Cuando la nostalgia aprieta (pero no ahoga)
Hay veces, sólo de vez en cuando, que me pregunto el porqué mantener este espacio. No siempre encuentro algo que decir, y cuando lo tengo no siempre se cómo expresarlo. Si a eso sumamos que alguno de mis amigos cocteleros escriben mejor que el premio Planeta, y que muchas de las cosas que a mi se me ocurren vosotros las plasmáis en vuestras páginas ocurre que no entiendo muy bien por qué lo mantengo yo.
La explicación más fácil es porque me gusta tener algo propio. Un sitio donde, independientemente de la gente que lo lee, que lo visita, que lo entiende, que lo aborrece, puedo hacer lo que me de la gana. Y además he conseguido “conocer” a personas que se que nunca hubiera podido conocer de otra manera, que no se sienten condicionadas por lo que hago, sino por lo que digo.
He aprendido a echar de menos un lugar que en realidad no existe. (Éste)
Y la historia viene a cuenta porque a veces (muchas veces) me ocurren pequeños terremotos emocionales que me hacen venir corriendo a contar las cosas que quiero sacar de dentro.
Ayer me enteré que en el pueblo donde comenzó mi caótica vida laboral ha vuelto a gobernar la izquierda. Yo trabajé durante dos años y medio en el ayuntamiento de un pueblo de la sierra madrileña donde los caciques campaban a sus anchas, y el increíble patrimonio natural del que disponen corría serio peligro de desaparecer en manos de sus desaforadas ansias de enriquecerse a costa de un urbanismo atroz.

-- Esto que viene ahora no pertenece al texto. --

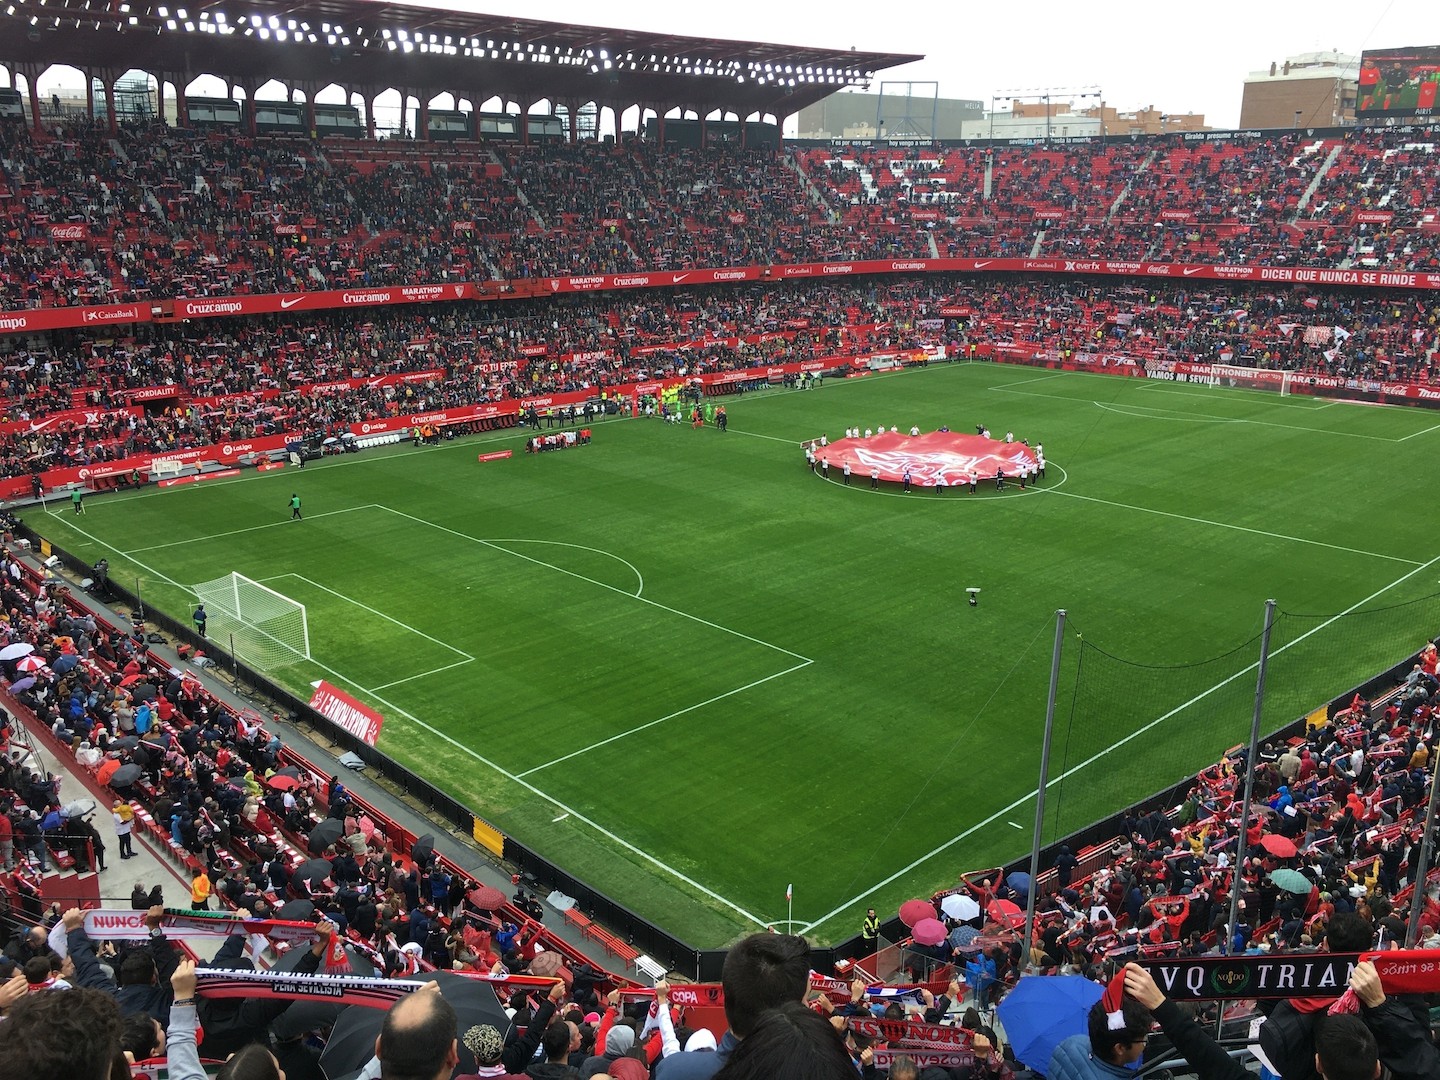 Voetbalreizen Sevilla FC

Y cuando yo me di cuenta de que trabajaba para aquellos que gobernaban con leyes y moral opuesta a la que predico hubo una moción de censura que le dio el gobierno a una coalición de izquierdas. Los principios con los recién llegados fueron duros, porque a fuerza de obligarme a no significarme políticamente los recién llegados pensaron que era “una de los otros”, error que no quise enmendar en un principio, porque también estoy en contra de juzgar sin conocer ni preguntar, y esperaba que me dieran una oportunidad para ver y valorar cómo realizaba mi trabajo, y que no me mantuvieran porque les cayera mejor o peor.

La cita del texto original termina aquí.